2.7 Rencana Keuangan
Dalam berwirausaha tujuan yang paling utama ialah memperoleh keuntungan. Keuntungan di sini tergantung pada apa yang kita hasilkan dan bagaimana cara menjual produk tersebut. Dalam sehari diharapkan kita dapat menghasilkan dan menjual makaroni ini sebanyak 30 bungkus. Dari pembuatan Makaroni ini dibutuhkan juga minyak untuk melakukan proses penggorengan, agar rasa makaroni ini gurih, renyah dan enak maka dalam proses pembuatannya dibutuhkan bumbu – bumbu sebagai penyedap rasa. Langkah selanjutnya adalah pengemasan maka membutuhkan kemasan untuk mengemas makaroni ini sebagai biaya pembungkus, setelah semuanya sudah siap maka makaroni tersebut tinggal dipasarkan/dijual, dengan itu maka kita membutuhkan biaya transportasi.
1. Biaya Bahan Baku
No Bahan Baku Jumlah Harga satuan Total harga
1. Makaroni mentah 3 kg Rp. 15.000 Rp. 45.000
2. Minyak goreng 1 Liter Rp. 16.000 Rp. 16.000
3. Bumbu penyedap rasa 1 dus Rp. 6.000 Rp. 6.000
4. Bumbu lada hitam Rp. 6.000 Rp. 6.000
5. Bumbu keju manis Rp. 5.000 Rp. 5.000
7. Bumbu barbeque Rp. 5.000 Rp. 5.000
8. Bumbu rujak Rp. 10.000 Rp. 10.000
Total biaya bahan baku Rp. 100.000
2. Biaya Peralatan
No Peralatan Harga
1. Plastik Rp. 8.000
2. Kompor gas Rp. 18.000
3. Tissu Rp. 6.500
Total biaya peralatan Rp. 32.500
Biaya Ivestasi :
Investasi = Total biaya bahan baku + Total biaya peralatan = Rp. 100.000 + Rp. 32.500
= RP. 132.500
Perkiraan pendapatan
Penjualan Makaroni Rindu
Original 15 bungkus x Rp. 6.000 = Rp. 90.000 Via rasa 15 bungkus x Rp. 7.000 = Rp. 105.000
Total Penjualan = Rp. 195.000
Keuntungan
Laba = Total Pemasukan – total Biaya investasi = Rp. 195.000 – Rp. 132.500
BAB III PENUTUP
Berdasarkan uraian di atas dapat disimpulkan bahwa dalam memilih suatu usaha perlu mengetahui terlebih dahulu berbagai macam hal yang berhubungan dengan usaha yang didirikan. Seperti mengetahui peluang usaha, lokasi yang strategis, pemasaran produk dan aspek-aspek lain yang berkenaan dengan pendirian usaha, sehingga usaha yang akan dijalankan dapat berjalan dengan baik.
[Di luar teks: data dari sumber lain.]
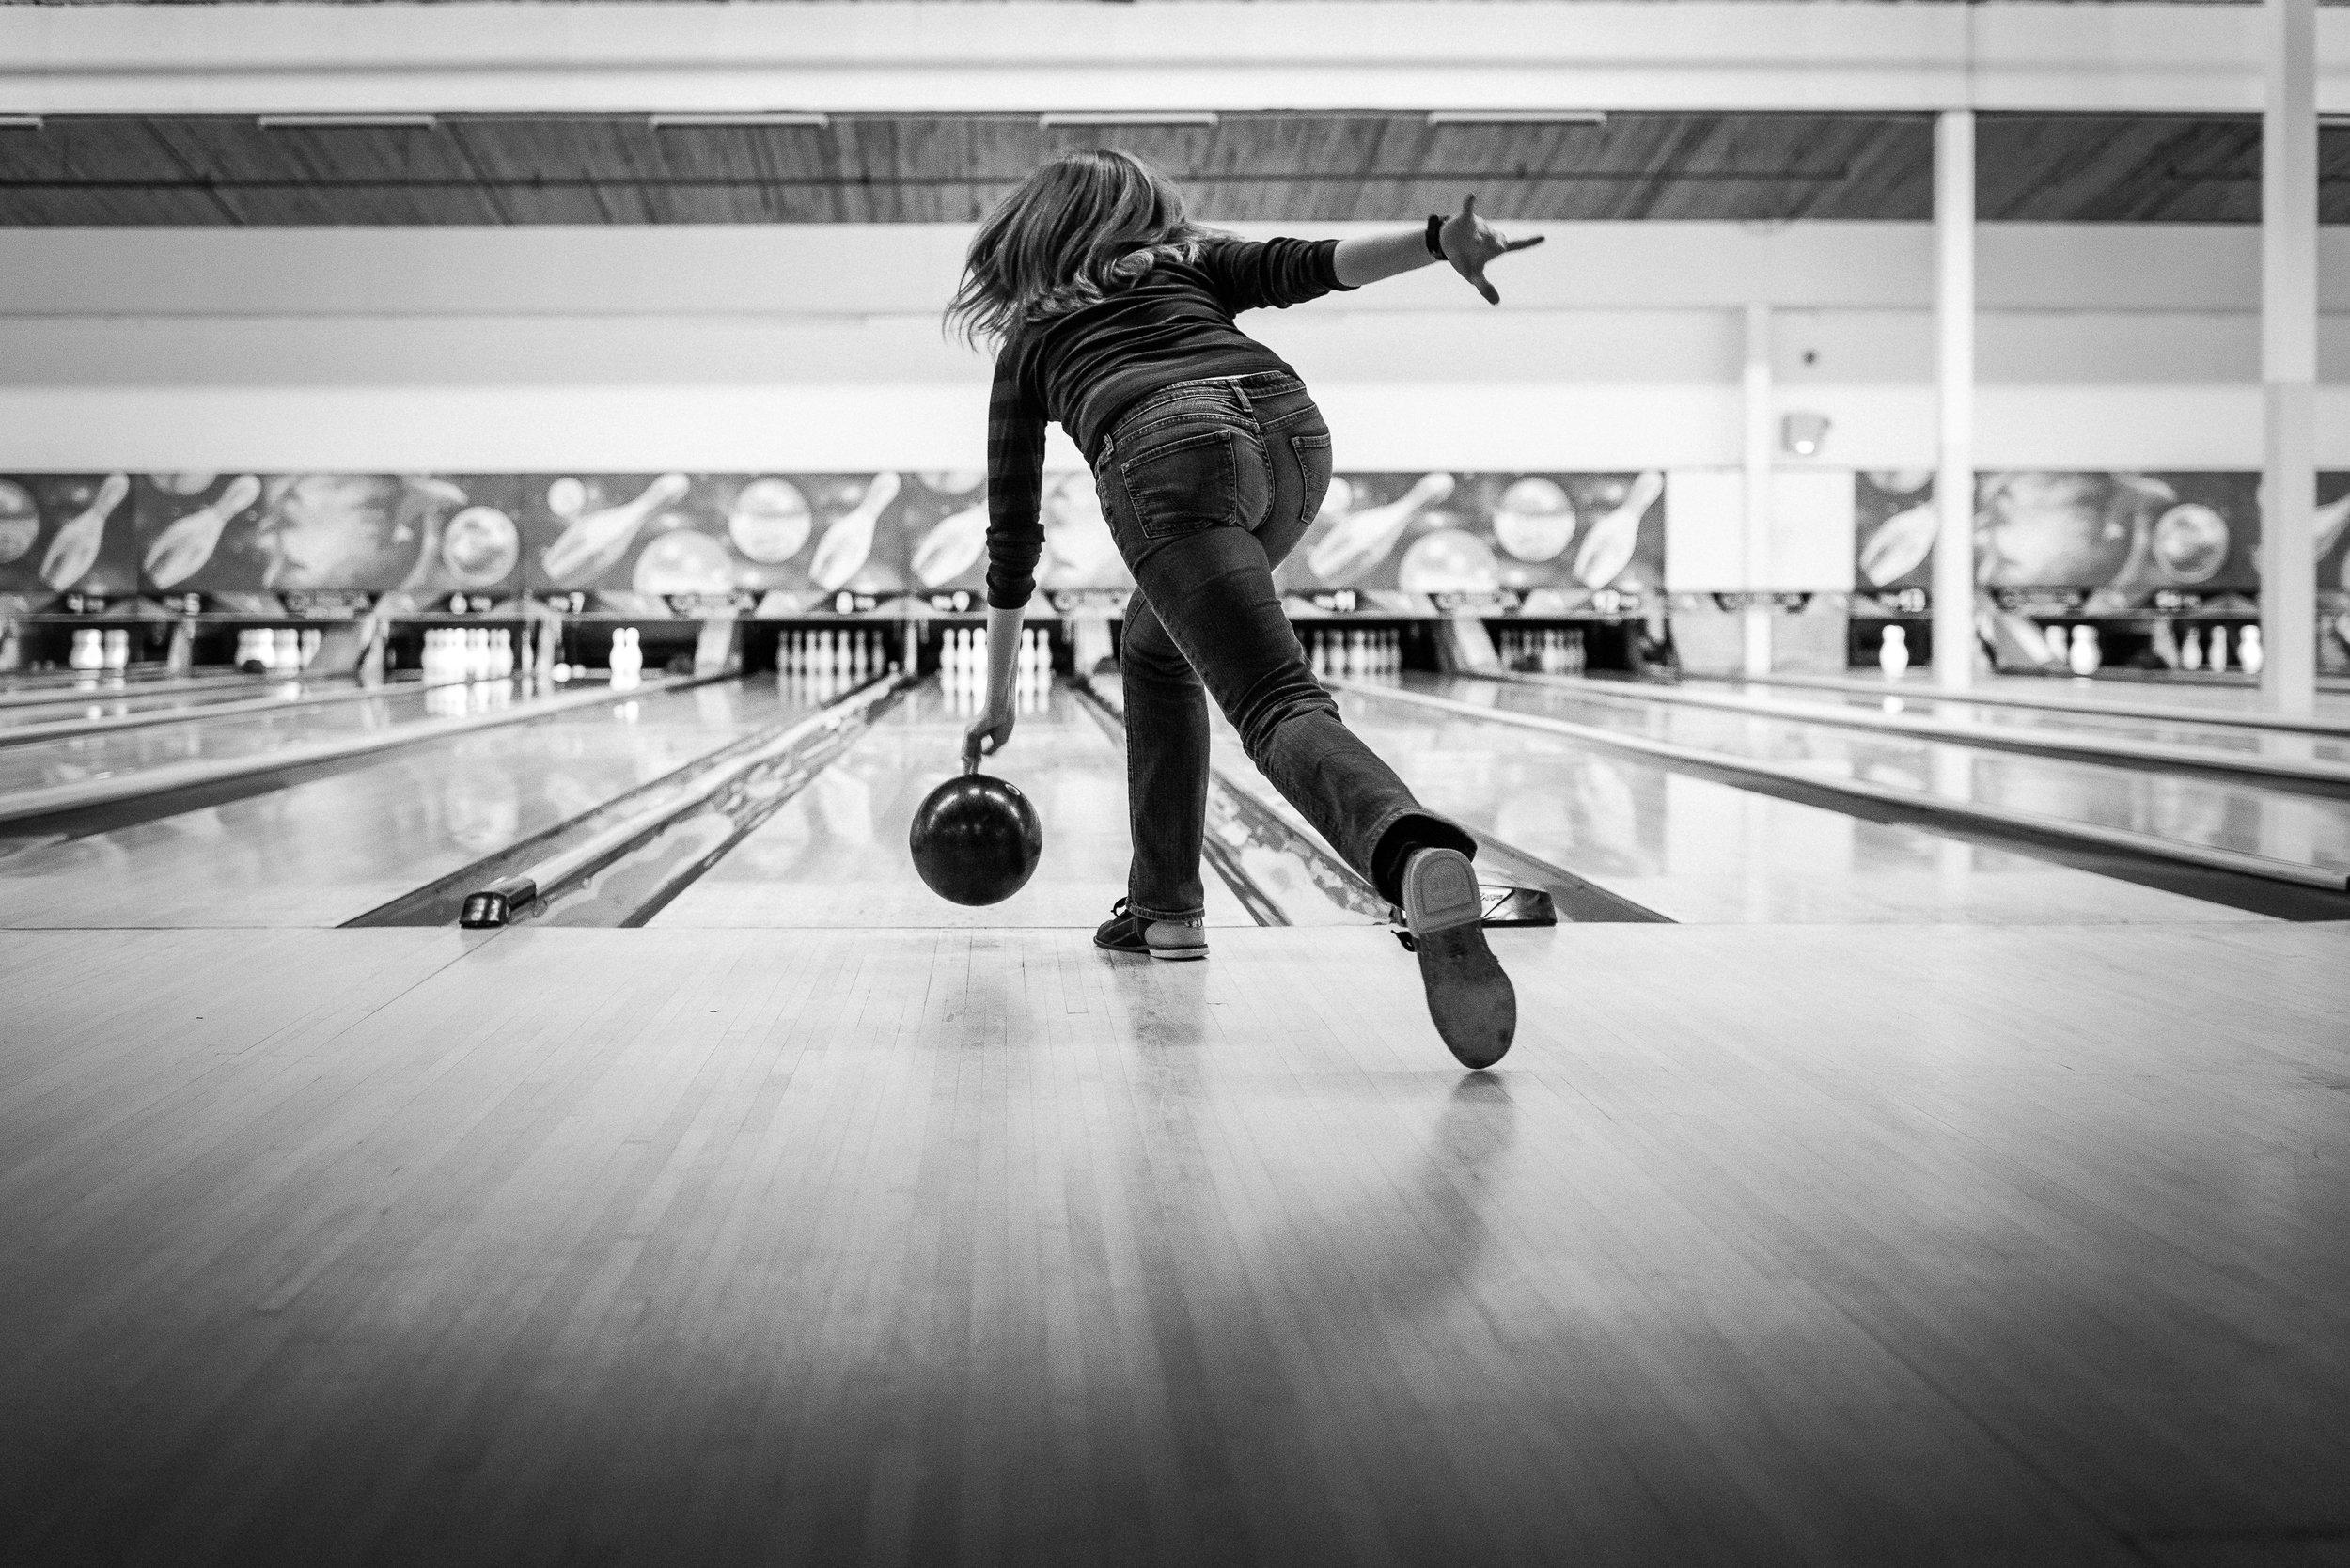 i don't know much about bowling form, but she looks legit to me.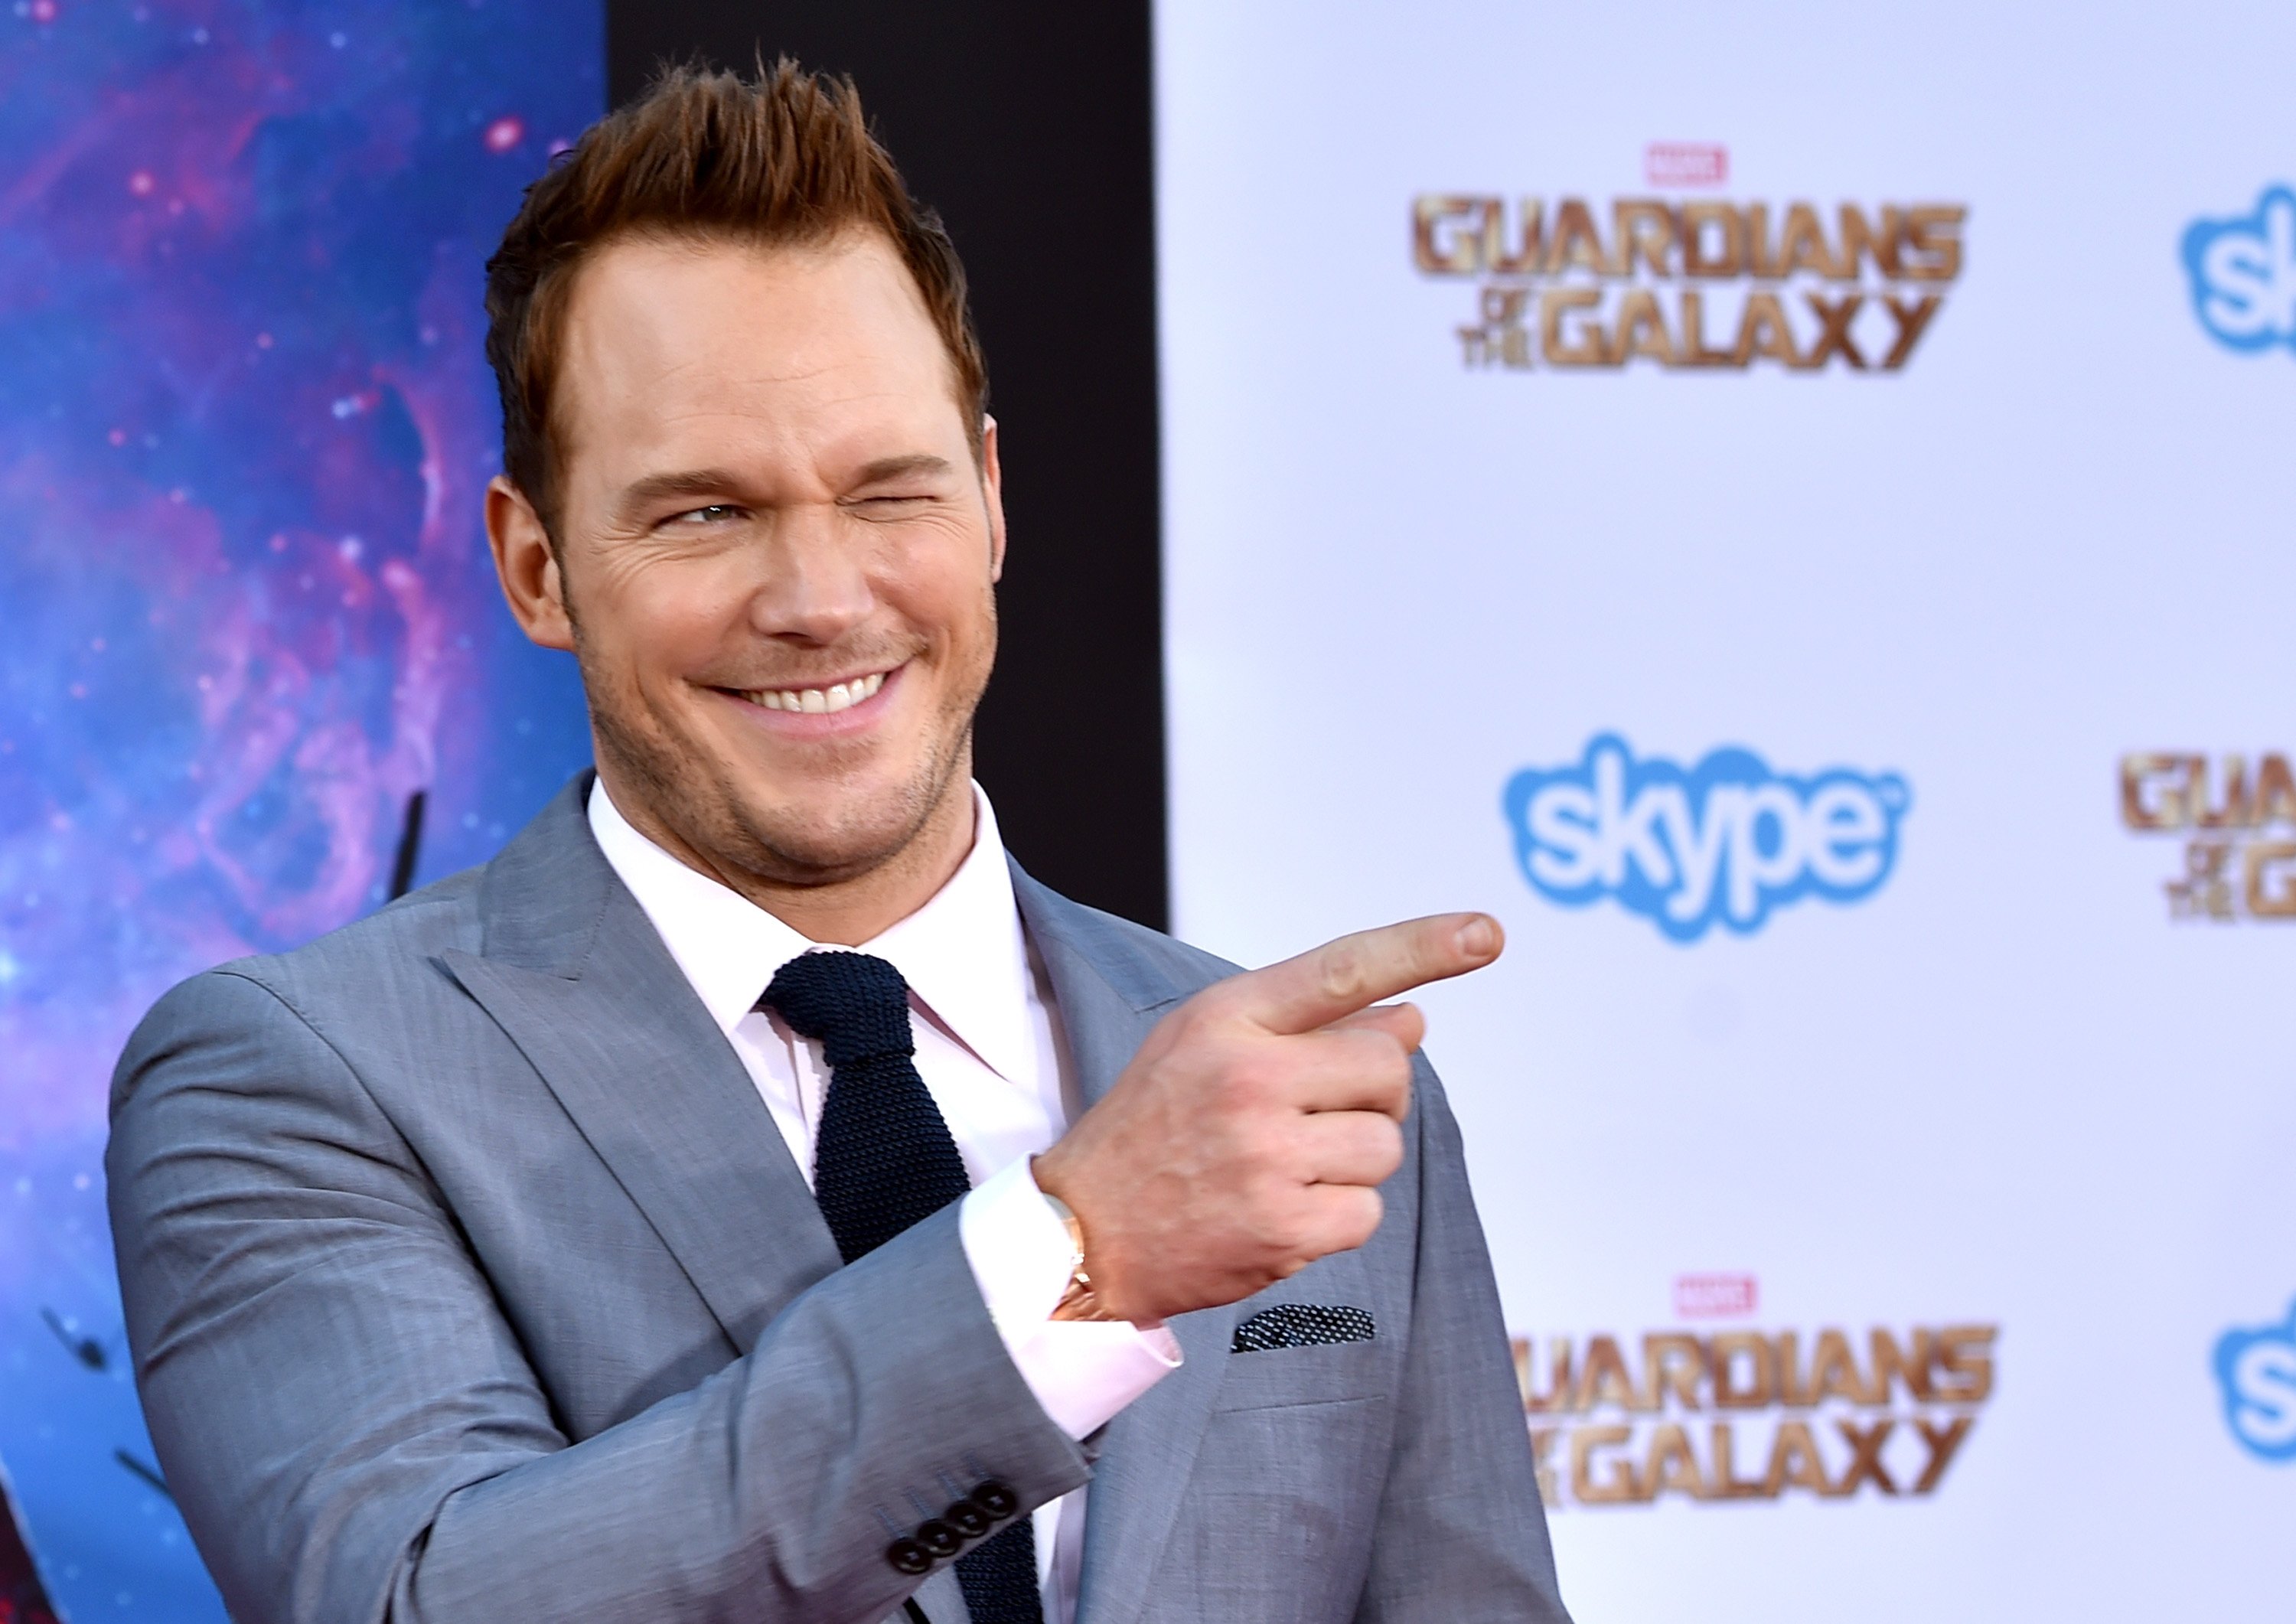 Peter Quill actor Chris Pratt smiling and pointing at the premiere of Marvel's 'Guardians of the Galaxy'

Usaha ini tidak memerlukan modal yang cukup besar, namun memerlukan perencanaan yang matang. Usaha di bidang makanan ringan ini memberikan peluang pasar yang sangat luas. Sekarang permintaan konsumen akan isi makanan ringan semakin meningkat. Sasaran utama konsumen makaroni goreng yaitu mahasiswa dan masyarakat kalangan menengah ke bawah, sehingga harga jual yang tidak terlalu tinggi akan membantu memperlancar proses penjualan.